I have reviewed the alpha test package for these patches, and can report that the scripts are designed to safely install and uninstall the modifications when run manually from the Linux command line (which is appropriate for an alpha test with an experienced base of testers).
The scripts replace the Linux kernel and kernel modules, and modify the LunaSysMgr binary in a verifiably straight-forward way. They save the original versions of these things (making sure they don't overwrite them if you run the script twice), and allow you to restore them as long as the device boots to the command line. Even if the device doesn't boot to the command line for some reason, a webOS Doctor will forcibly revert these changes.
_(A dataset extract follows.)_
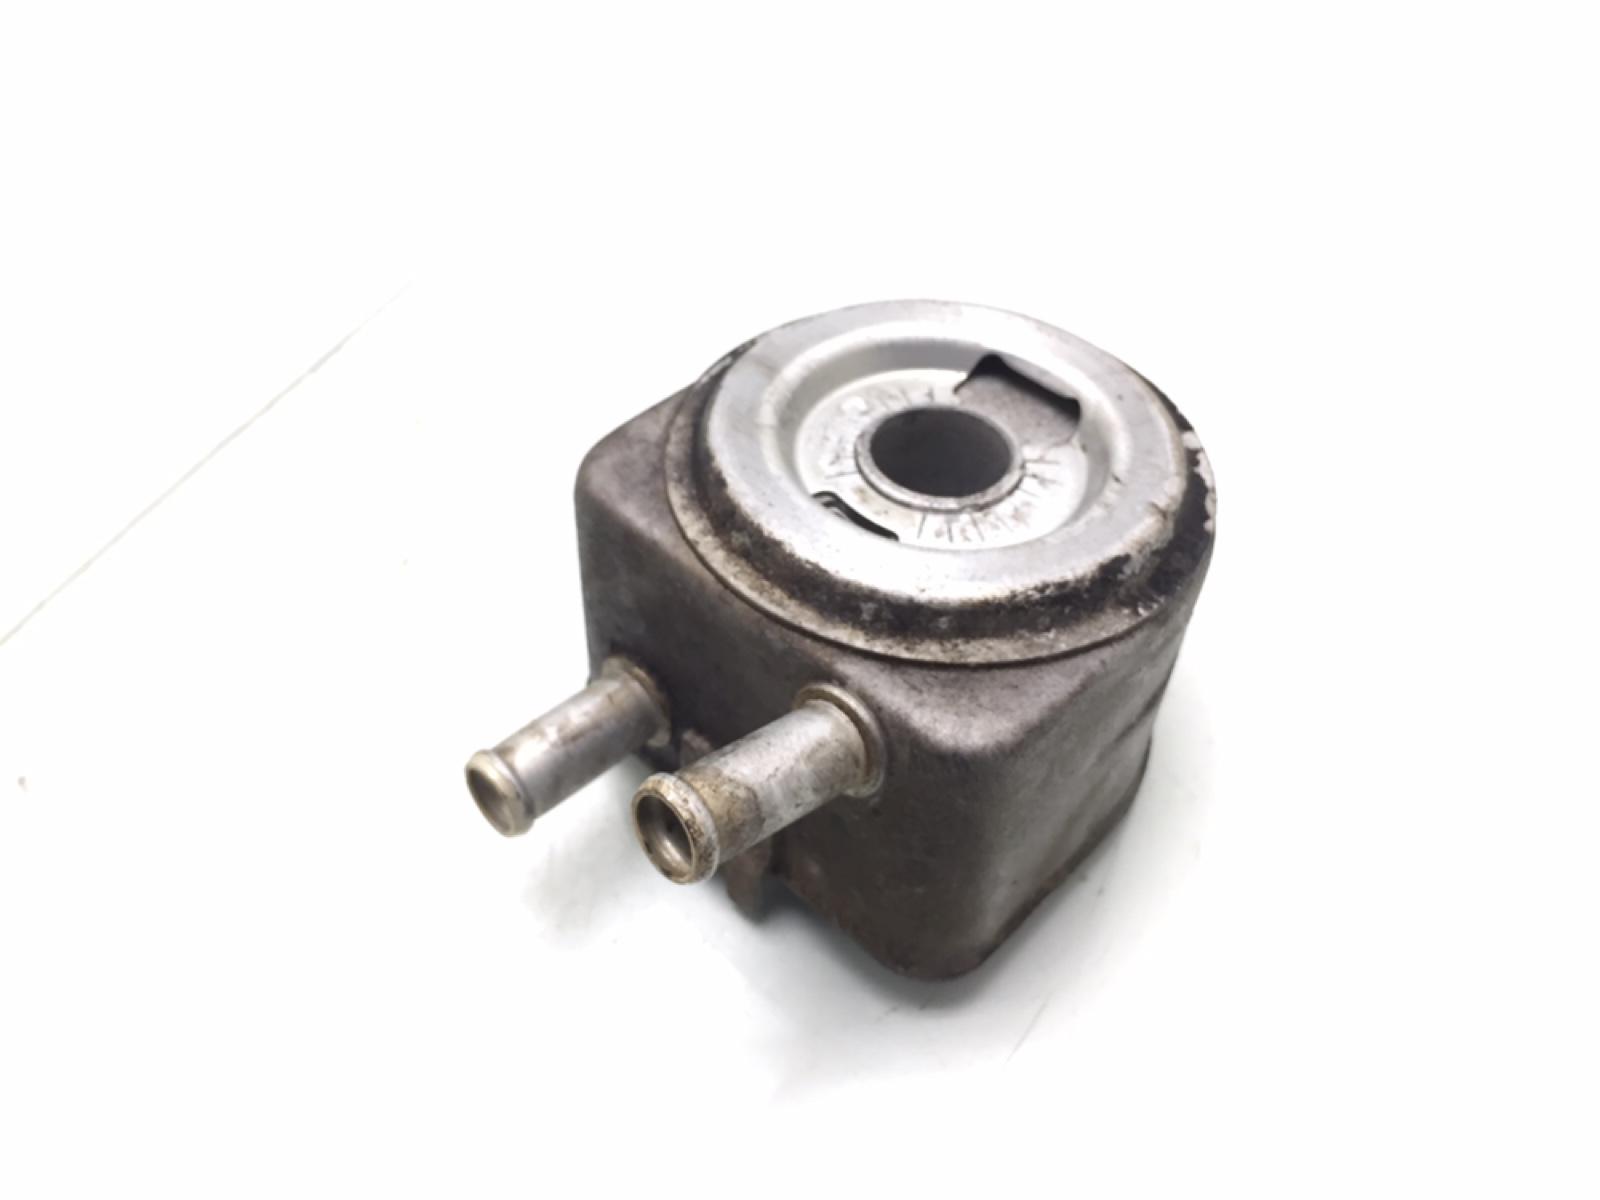 Радиатор масляный Citroen C5 2.2 HDI 2004 (б/у)

Since I don't have access to the source code of the kernel modifications yet, I cannot report on the functionality or efficacy of the patches (and the authors want all such reports to be relayed back to them in the first instance anyway, so I will uphold that commitment).
Whilst I understand that the authors of these modifications may not want to publish the kernel modifications during this alpha testing period, I would assume that the authors are fully prepared to release the kernel modifications under the terms of the kernel GPL license at the appropriate time (i.e. to the public when it is released publicly, and to any of the individual alpha testers if they request it).
I think these two guys are going about this the right way.
An improvement I would suggest for a public release would be to query the most recent reboot reason, and not enable the higher speed if a reboot occurs for an abnormal reason. Alternatively (if that is not possible), to default to a normal speed for boot, and have a user application front-end to modify the speed setting.